José Castello*
Fascinada pelas ondas e modismos do mercado internacional, a nova
literatura brasileira tem, apesar disso, algumas vigorosas exceções. Uma
das mais interessantes é Marcelino Freire, de quem leio agora “Amar é
crime” (Record), uma coletânea de contos. O livro, na verdade, é uma
segunda edição — ampliada — do que foi lançado originalmente, em 2011,
pela pequena editora Edith, de São Paulo.
Marcelino não escreve para ser agradável ao leitor. Podemos pensar,
ao contrário, que faz uma “literatura desagradável” — muito parecida com
o “teatro desagradável” que Nelson Rodrigues dizia praticar. Sua
escrita — veloz, bruta, sem desvios — nos empurra para o chão. Ao fim da
leitura, estamos um pouco parecidos com Mariângela, a gorda que pesava
240 quilos, personagem do conto homônimo, que um dia “atola” em uma
calçada da cidade. A realidade pesa — é preciso ser valente e suportar
esse peso. Às vezes, ela nos massacra — é necessário inventar, então,
maneiras de resistir.
Para Mariângela, tudo começa com um desmaio em plena rua — e quantas
vezes somos atingidos por uma espécie indefinida de desfalecimento, que
nos tira de nós mesmos, e nos prostra. Para quem ligar? Acham em sua
bolsa o nome de Júnior, um rapaz magrinho, seu grande amor. Não o
encontram. “Como ela havia conseguido se socar aqui? Ou teria sido o
buraco do chão que se socou nela?” A dúvida está instalada: somos nós
que esbofeteamos a realidade (com nossa indiferença, nossa estupidez,
nossos receios), ou é ela, a realidade, que, volta e meia, nos engole?
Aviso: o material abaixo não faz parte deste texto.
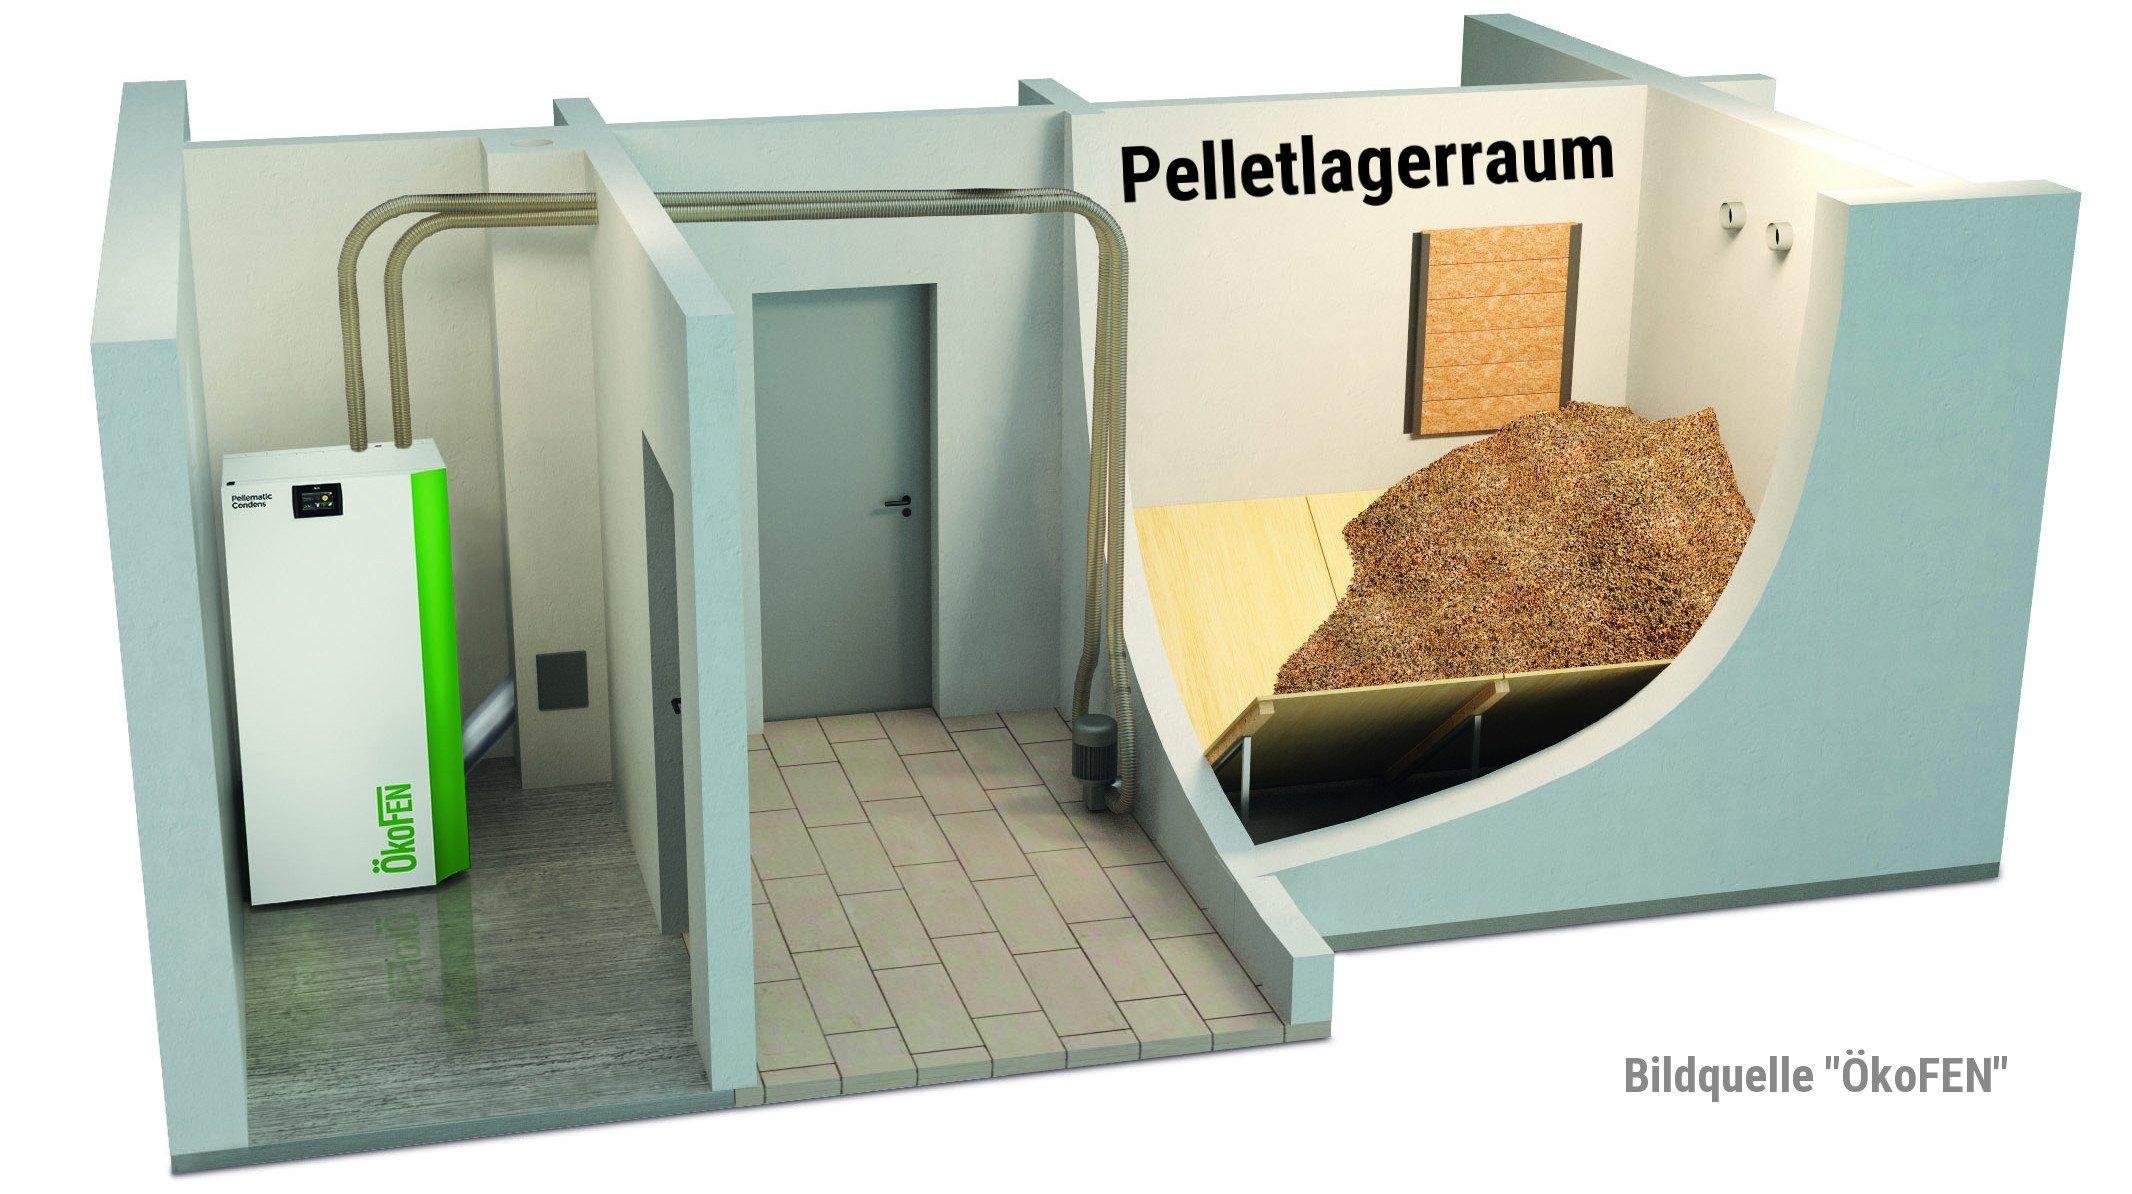 Pelletlagerraum

Chegam os bombeiros, a televisão, um helicóptero. Tentam,
inutilmente, telefonar para sua mãe, mas Mariângela confessa que a
matou. “Prendeu a mãe contra a parede. Como quem come. Com vingança. Com
ódio”. Em dias como os nossos, quando o ódio se dissemina pelas ruas, é
útil espelhar-se em Mariângela, a mulher que atolou em sua própria
bestialidade. No fim, só a fantasia a salva. Vê o guindaste chegar.
“Trazendo as asas. As asas, sim”. Erguida de si mesmo, arrancada de seu
próprio ódio, ela pode enfim voar. “Voar, voar, voar”.
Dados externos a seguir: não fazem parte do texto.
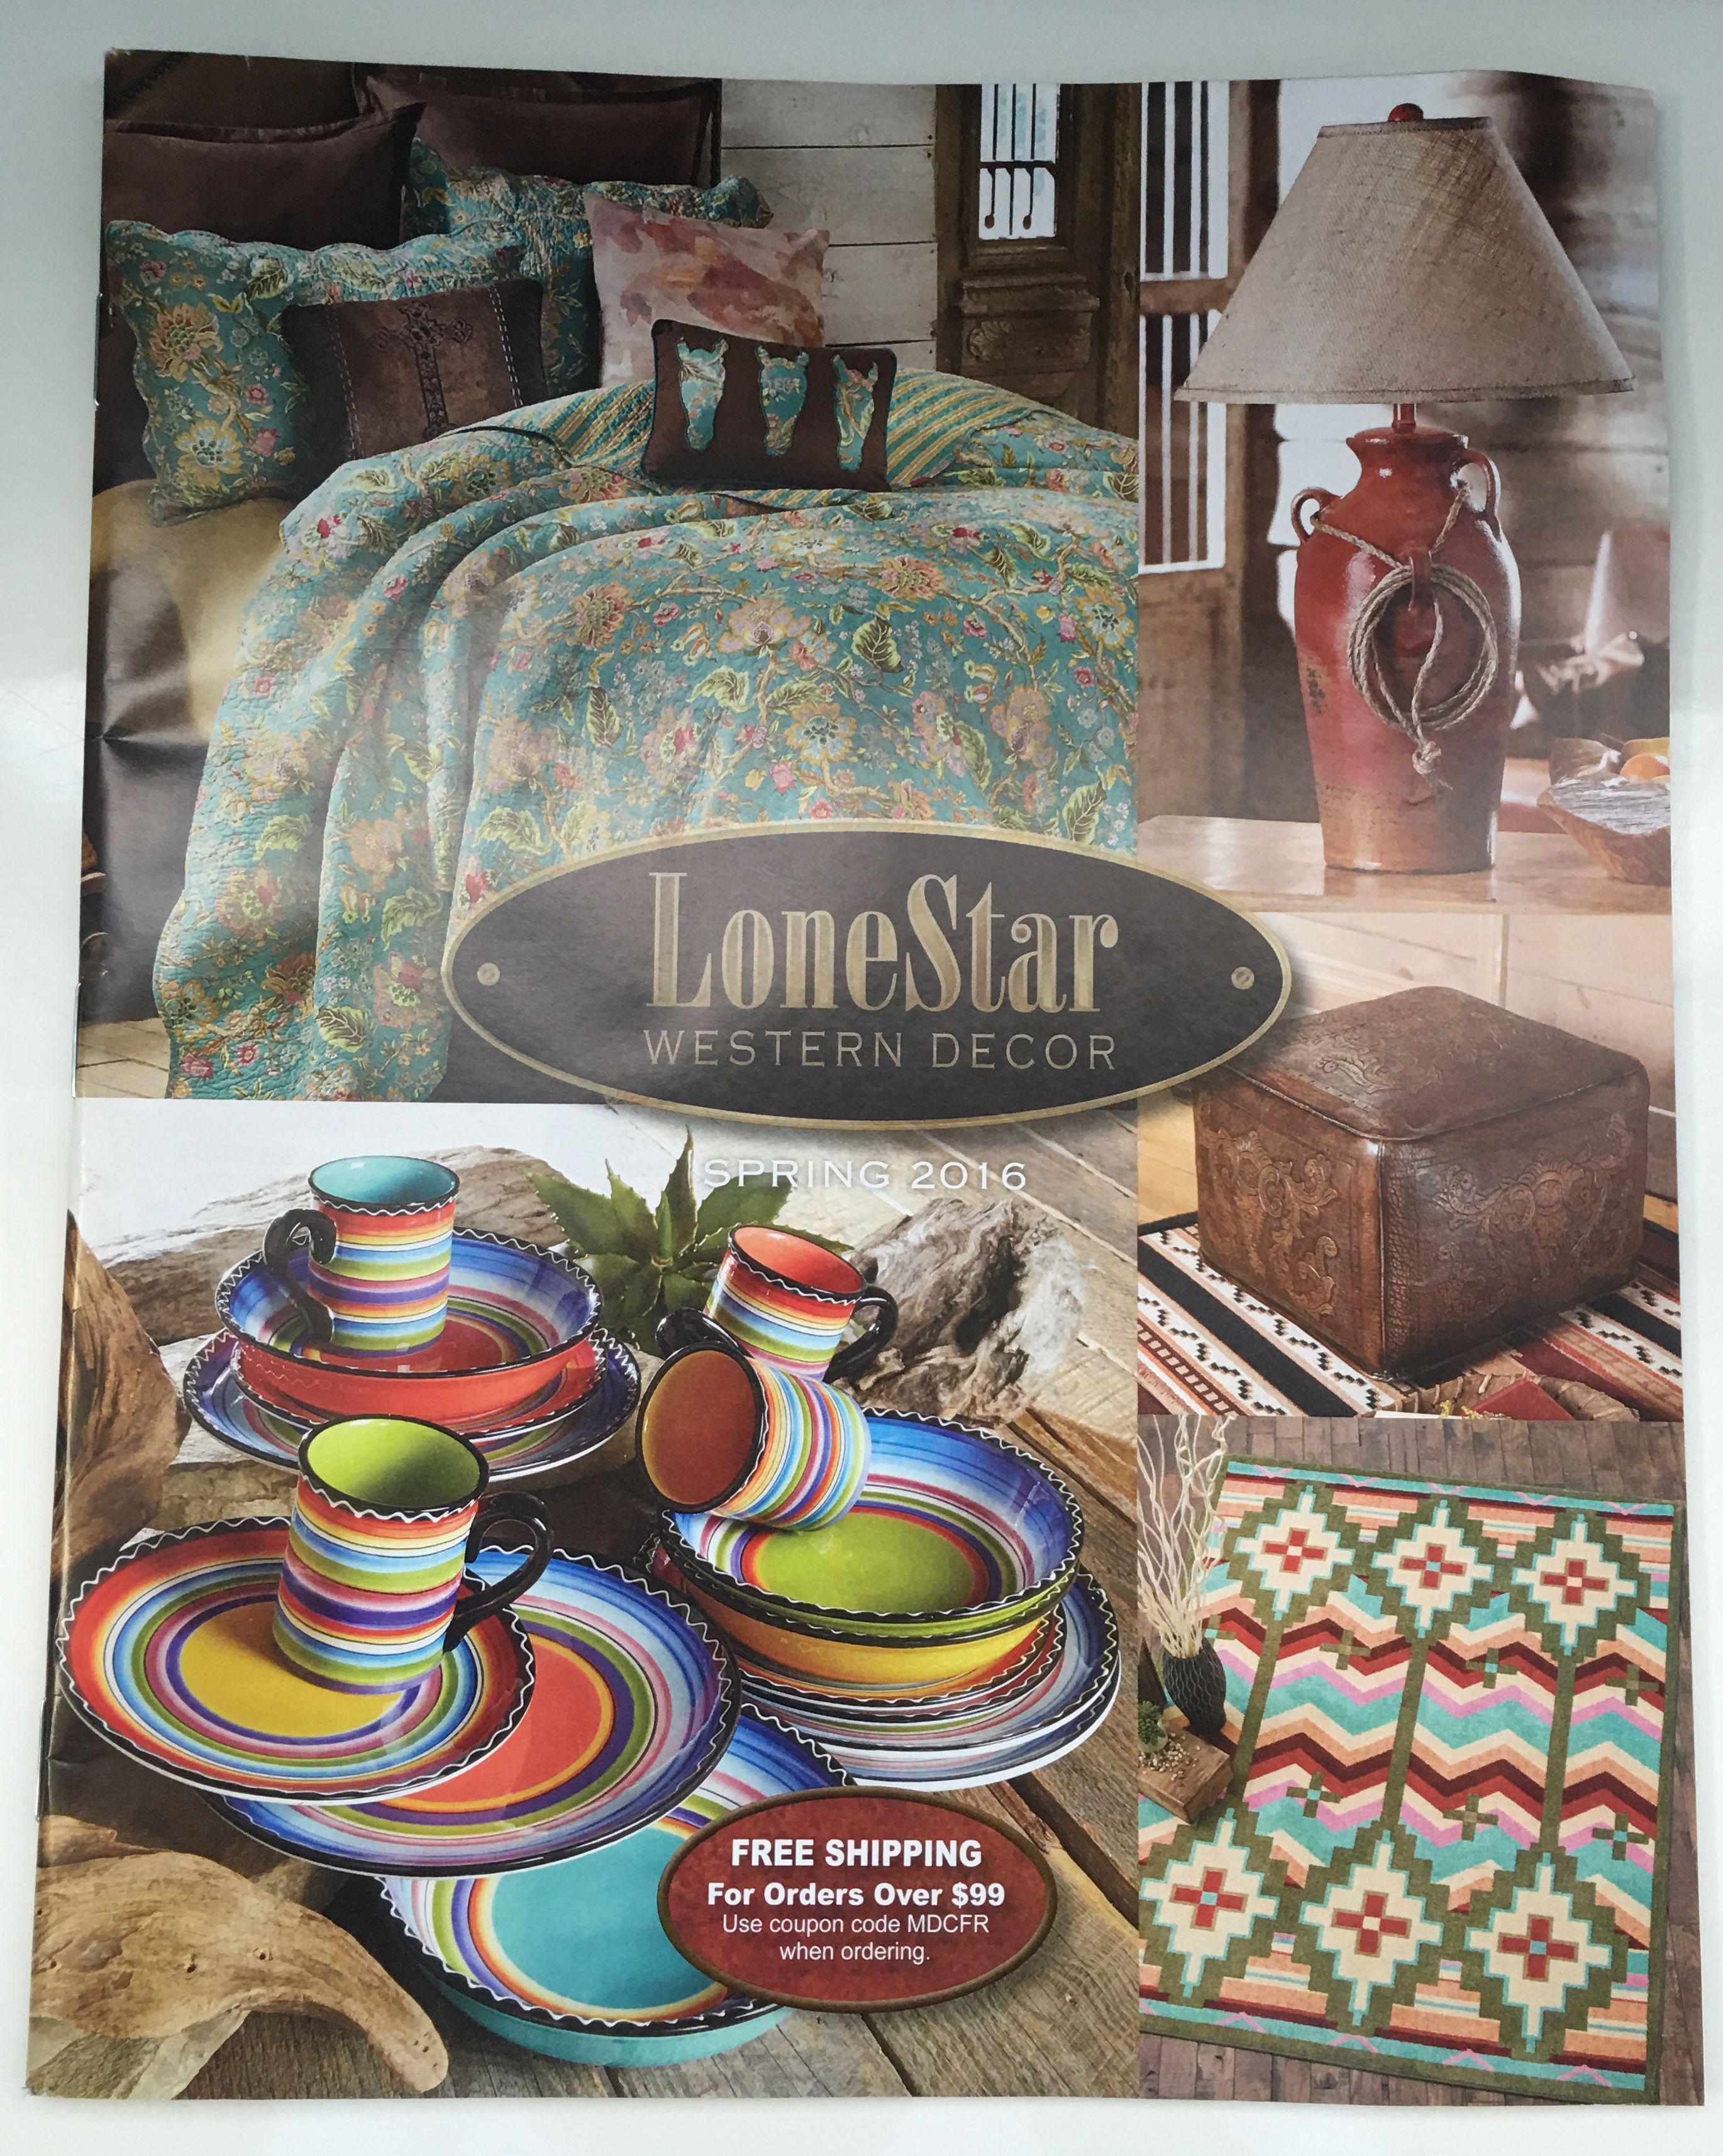 Request a Free Lonestar Western Decor Catalog

A literatura de Marcelino desafia a brutalidade do real. Só há uma
saída: a ela contrapor a estratégia do sonho. É do sonho, também — ainda
que muitas vezes na forma de pesadelo — que a literatura se faz. Uma
forte discussão a respeito desse elo aparece em outro conto, “União
civil” — provavelmente o mais belo da coletânea. Chegando a São João del
Rei para uma palestra, um escritor cruza, por acaso, com um casal gay
que empurra um carrinho de bebê. A cena real o conecta com seu passado.
Também na infância o escritor desejou um casamento com um colega da
mesma idade. Da mesma forma, quis ter um filho.
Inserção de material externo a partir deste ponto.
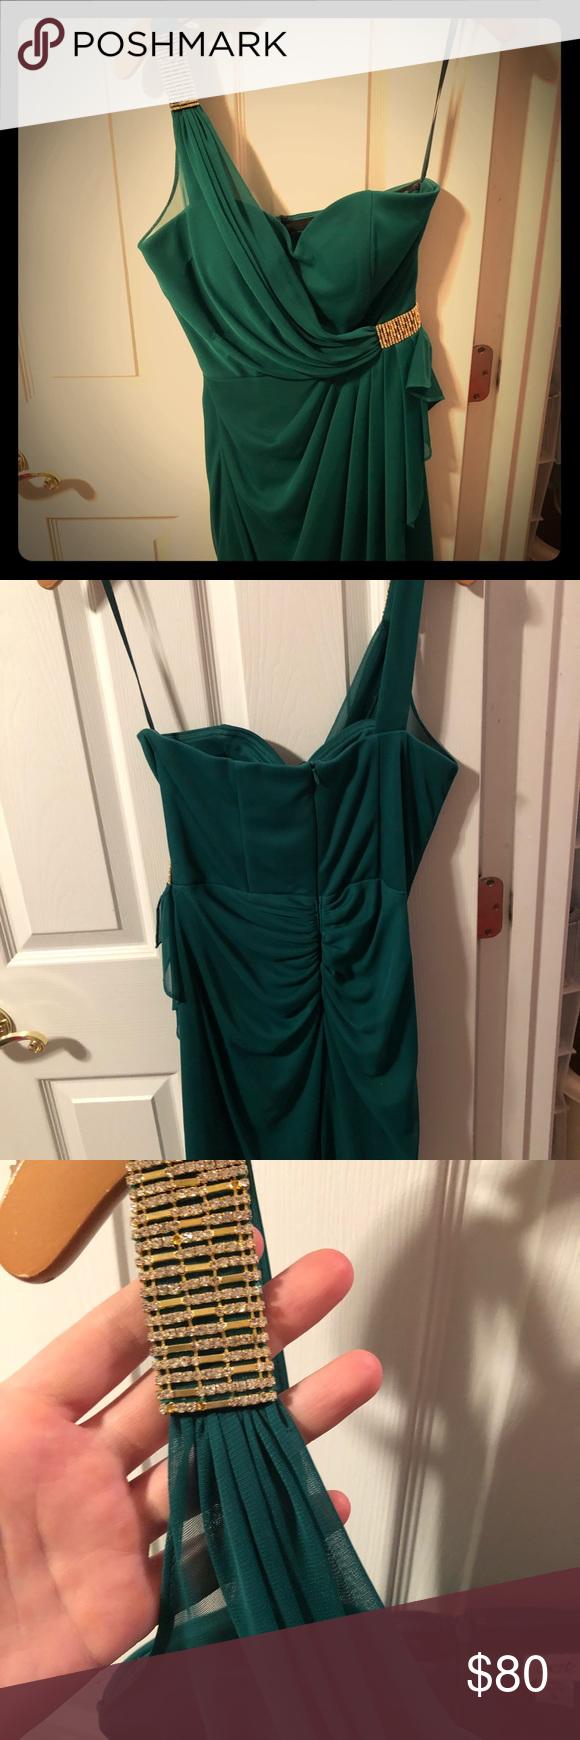 Green dress one shoulder  CACHÉ EMERAld GREEN HOCO DRESS  Emerald green dresses Hoco dresses

Durante a palestra literária, o escritor fala da cena que viu. Fala,
também, da imagem antiga para a qual ela o remeteu. “Essa imagem me
pertence faz tempo. Escrever é organizar os sentimentos perdidos”. Em um
intervalo do evento, ainda curioso, ele retorna para a mesma praça onde
encontrou o casal. A essa altura, já está escrevendo mentalmente um
conto. Sim: um conto não é o resultado de fórmulas, de adestramento. De
uma escrita aplicada e de resultados. Um conto (uma ficção) é uma
escavação interior. Uma imagem repentina — arbitrária — remete o
escritor para os destroços de sua memória. Através da imagem presente,
ele retoma contato com a memória que se perdeu.
“Segui confabulando. Rabiscando possibilidades, falas, personagens.
Misturando realidade e ficção. Loucura e literatura. Memória e invenção.
Meu Deus!” Onde não se espera, abre-se um vão — um buraco na calçada? —
através do qual a literatura se ergue. Importante não permitir que o
momento escape. Importante agarrá-lo — ou ele se perderá de novo no
abismo do esquecimento. “Um conto não nasce na hora em que a gente
escreve, na hora em que a gente está escrevendo. Não nasce quando a
gente acaba o conto, põe ponto final. A impressão que eu tenho é que um
conto nasce em algum ponto da vida da gente. Ele fica lá, congelado,
esperando que algo o acorde”. A escrita é esse despertar. A escrita não
passa da transcrição de uma imagem perdida. Como os médiuns que, em suas
mesas espíritas, reproduzem as palavras ditadas desde o além.
Mas cuidado: um conto não é o que você sonha, não é o que você busca.
É como ocorre em “Após a morte”, outro dos relatos de Marcelino. Quatro
horas depois de perder a mulher, Graça, um homem, Francisco, procura um
centro espírito na esperança de fazer contato com a morta. O médium se
esforça: nada ouve. Parece muito cedo para qualquer comunicado.
Francisco, porém, não aceita o silêncio: “Ela sempre disse que chegando
lá ia me mandar uma linha”. Uma linha, uma só linha — meia dúzia de
palavras, isso bastaria. Mas nada.
Enfim, depois de muito lutar contra as forças sobrenaturais, o médium
recebe um sinal. Uma palavra que, enfim, contenha toda aquela aflição.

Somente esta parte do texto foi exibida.